A mixture of 5 gms crust trimmings, 5 gms finished leather trimmings and 2 gms leather scraps were added to the quartz reactor. The inlet of a helium cylinder was fitted to the lid of the reactor and closed tightly. The vapor collection channel of the reactor was tightly connected to the condenser. The bottom neck of the condenser was tightly connected to a container. The top neck of the condenser was tightly connected to a water trap for avoiding oxygen passage into the reactor. The reactor was heated to 1500⁰C at a rate of 4O⁰C per minute for 40 minutes in helium atmosphere. Organic liquid was collected in a container by cooling the vapors -at 24⁰C using water circulation. Liquid was tested for the presence of Cr(VI) using diphenyl carbazide and found to be negative. The reactor was cooled for 40 minutes at 16⁰C. Then the carbon product was collected and stored in a container. Scanning electron microscopic analysis reveals the micro and nano scale structures in the derived carbon product. Presence of tubular structures was evident. Applications of this carbon product include nanotechnology, electronics, optics, material sciences and other fields.

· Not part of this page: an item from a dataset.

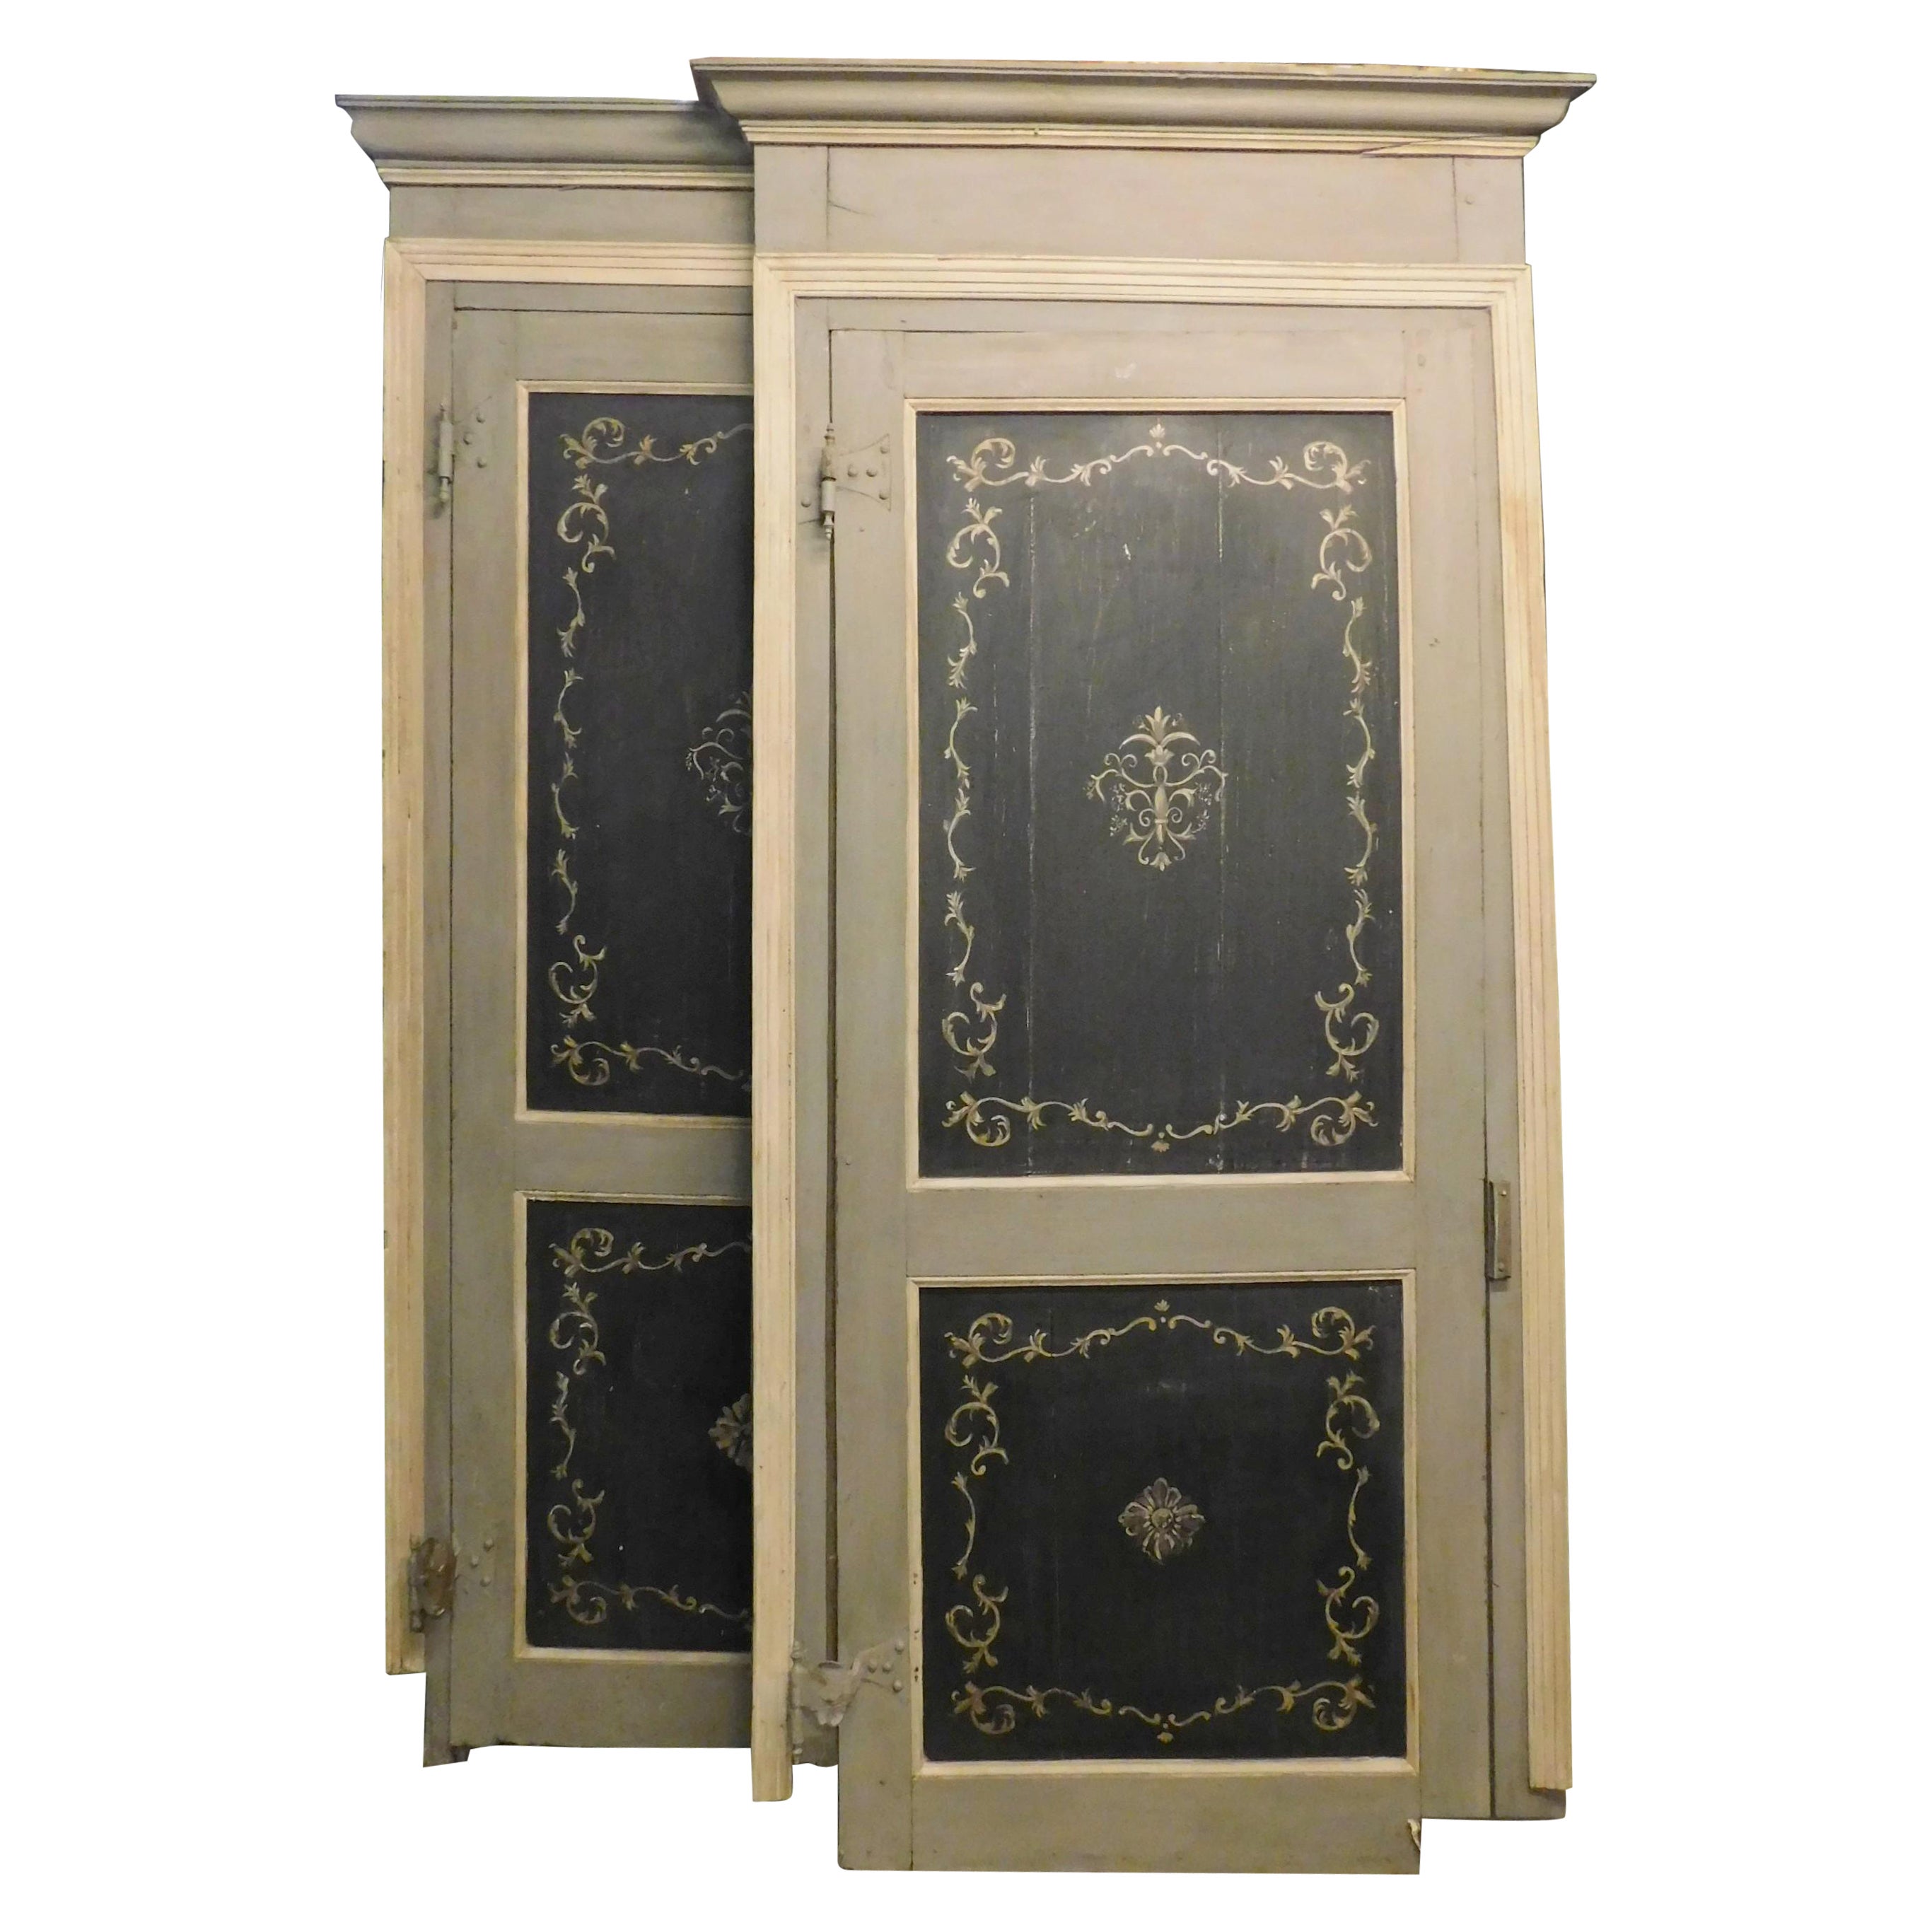 Pair of lacquered doors with frame, gray and black, 18th century Italy

Advantages of the Invention:

The following are the advantages of the present invention: 1. This process hardly requires any complicated control measures.

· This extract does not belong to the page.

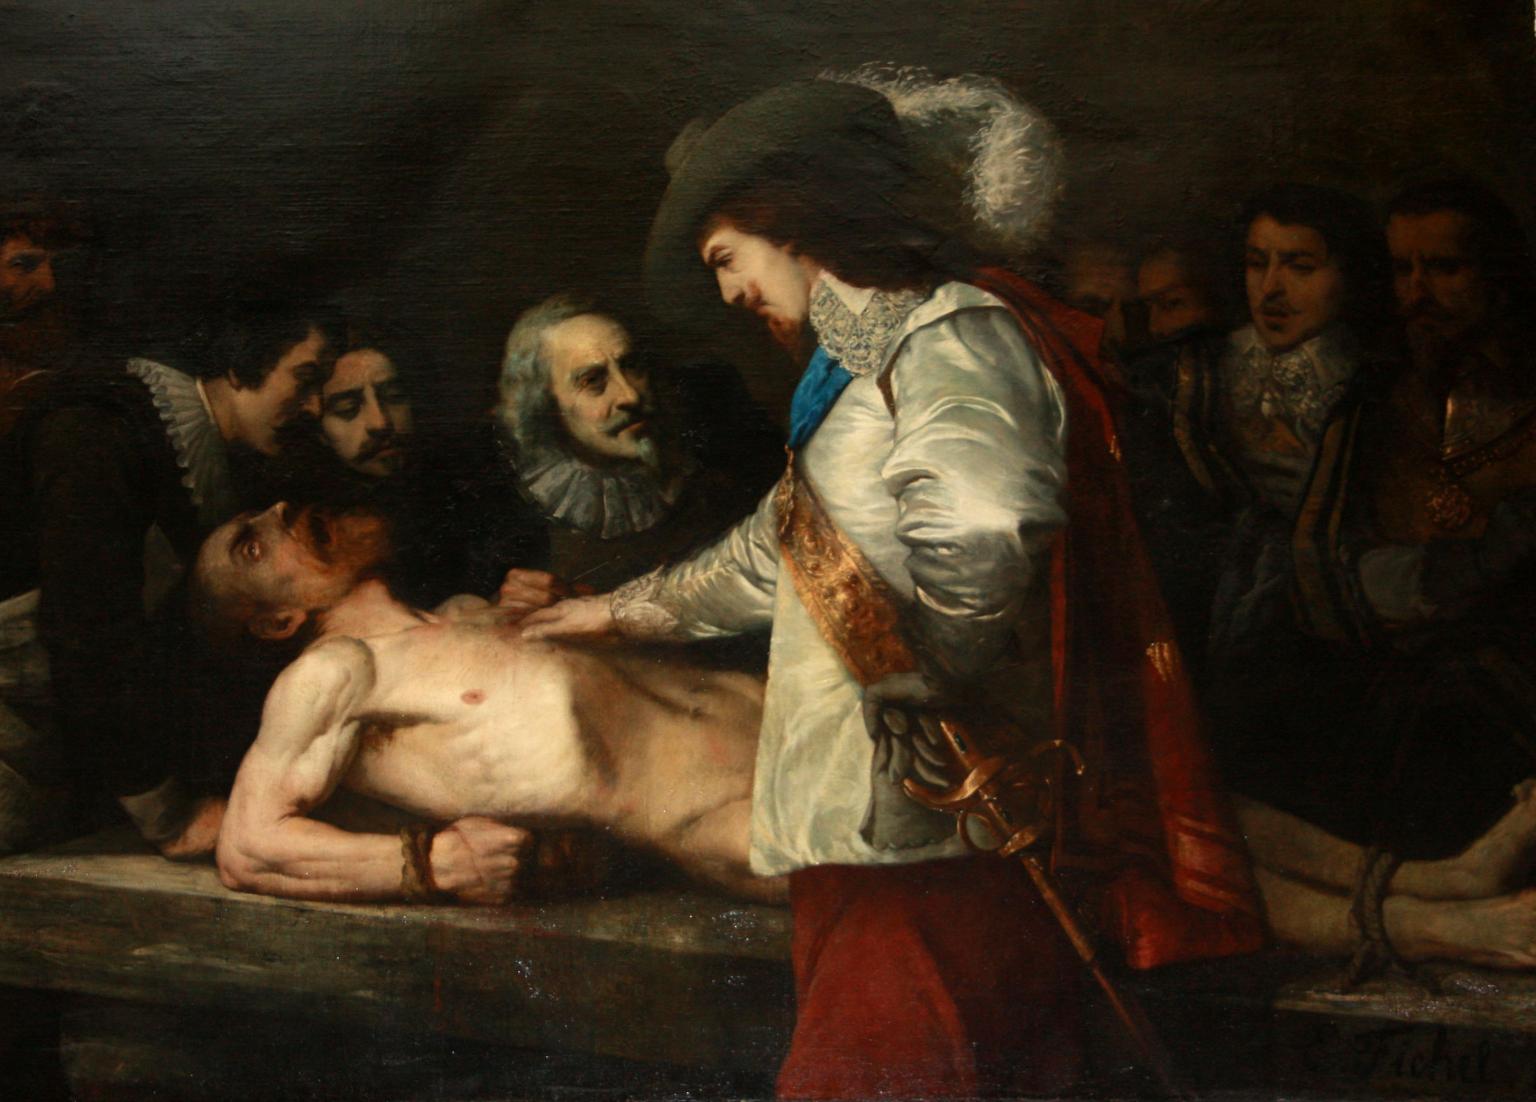 Painting of well-dressed man in hat with plume and sword putting his hand on the chest of a nude man tied down prone on a table with face upturned and mouth open, as several well-dressed men look on from the far side of the table.

2. This process does not require additional accessories such as cyclone separator.

3. There is no additional step of separating chromium from carbon product.

4. The process does not convert chromium(lll) to chromium(VI). 5. The product of the invention finds numerous industrial applications such as ingredient for making rubber tires, reinforcement in composites, dry lubricant, nanotechnology, electronics, optics, material sciences and other fields

6. The organic liquid produced optionally as a byproduct of the process provides a rich source of amino acid-peptide mixture, which has potential applications in biotechnological industries.

Claims

We claim:

1. A process for the preparation of a mixture of carbonaceous products from proteinaceous materials, wherein the process steps comprise: a) heating the proteinaceous materials at a temperature in the range of 200 - 1500 degree C at the rate of 10 - 40 degree C per minute under inert atmosphere for a period in the range of 20 - 720 minutes to obtain solid carbonaceous products and vapours; b) allowing the vapours as formed in step (a) to escape or optionally get condensed at a temperature in the range of 4 - 24 degree C to get organic liquid product; c) cooling the solid carbonaceous products as formed in step (a) at a temperature in the range of 4 - 24 degree C for a period in the range of 10 - 120 minutes to get a mixture of carbonaceous products.

2. A process according to claim 1 , wherein the proteinaceous materials used are selected from raw hide trimmings, limed split scraps, hide powder, wet blue trimmings, wet blue split wastes, chrome tanned leather shavings, vegetable tanned leather shavings, combination tanned leather shavings, buffing dust, crust trimmings, finished leather trimmings, leather scraps from leather product industries, either individually or in any combination.

3. A process according to any preceding claims, wherein the inert gas used is selected from nitrogen, argon, helium.